The actual value of the sine of an angle is given a value, on my calculator, to 8 decimal places. How is this value obtained? (surely not by accurately drawing a right-angle triangle and measuring the ratio of opposite side to hypotenuse! -or is it?


I remember writing an old program that would "estimate" the value of sin of (x) using Taylor series expansions. Or maybe they were called it the McLaurin (that is when the function is evaluated @ x = 0). I think it is called the Taylor's Series expansion at all other non - zero values of 'x'.

I may be wrong but it is possible that your calculator could do a 9th or 11th OR EVEN a 13th order expansion of the transcendental functions in order to get "reasonable" approximations (6-8 digit accuracy).

sin(x) = x - (x^3)/3! + (x^5)/5! - (x^7)/7! + (x^9)/9! ...

Note the following:

3! is also called "THREE FACTORIAL"

3! = 3 * 2 * 1
5! = 5 * 4 * 3 * 2 * 1

Note the sign changes: + - + - + - + - ......etc......

As an up Microsoft Excel and try comparing sin(x) {the built in function} and write the formula for an 11th order Taylor approximation for Excel's INTRINSIC function SIN(X). You'd be surprised how close they are.

I hope this helps some.

Darin Wagner)


Thanks for your question. If you think about the graph of sin(theta) with the angle theta plotted on the x-axis and the value of sin(theta) on the y-axis, the graph is a smooth "wavy" curve that oscillates between -1 and +1. Therefore, the value of the sine of an angle covers EVERY value between -1 and +1 -- even values with an infinite number of decimal points (your calculator only shows 8 because that is the maximum number of digits that can be displayed on the calculator's register). This requires denoting finer and finer measures of the angle -- whether in degrees (sin(4.5 degrees) is different than sin(4.55 degrees) or radians (sin(3.14) is different than sin(3.14159)).

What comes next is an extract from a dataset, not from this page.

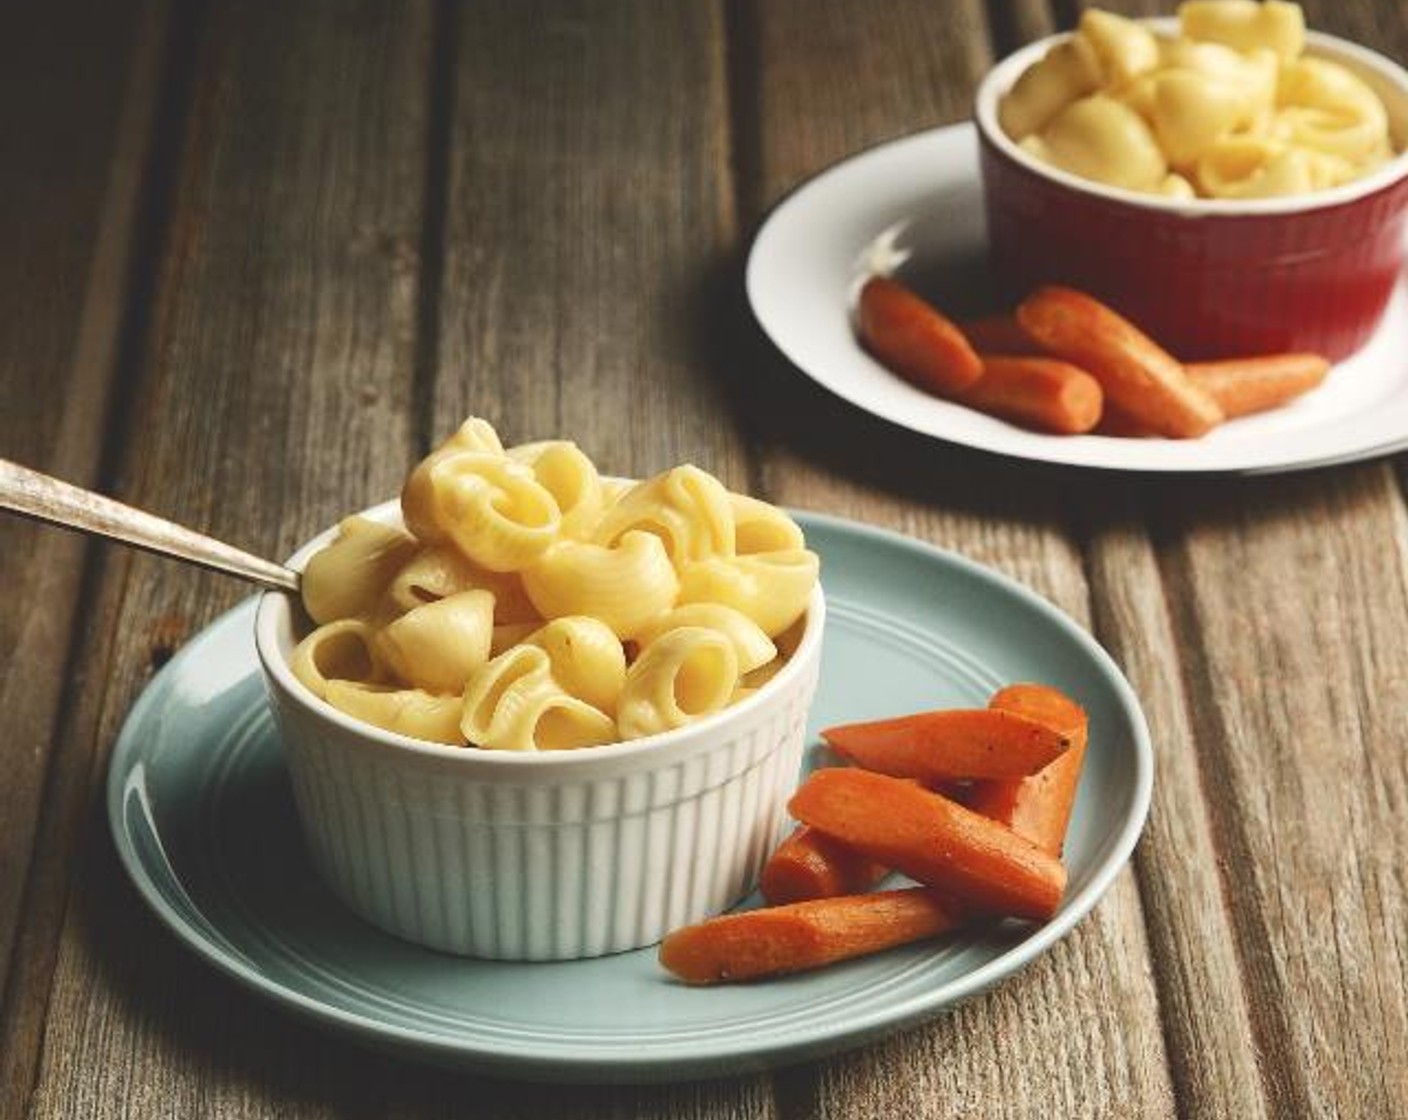 The Classic Kids Mac n Cheese with Glazed Carrots

Todd Clark, Office of Science
U.S. Department of Energy

Very perceptive. This is something that you can introduce to your students. There is a branch of mathematics call infinite series which deals with algebraic expressions for various functions. One text is "Theory and Application of Infinite Series" by Konrad Knopp. There are many others that you can find if you do a Google search on the term "infinite series" (one site is: Without proof: The formula for sin(x) = x/1! - x^3/3! + x^5/5! - ... +(-1)^k * x^(2k+1)/(2k+1)! ... And for cos(x) = x/1! - x^2/2! + x^4/4! - ... + (-1)^k * x^2k/2k! + ... Recall k! is " k factorial" k! = 1*2*3*4*...*k Since the right hand side of the " = " sign is an algebraic expression, one only needs to add as many terms to the series as necessary for the desired degree of precision for the trig functions. There are other series expressions of these functions that may converge to the desired precision with fewer terms, so I don't know that these are the particular series used, but it gives you the idea.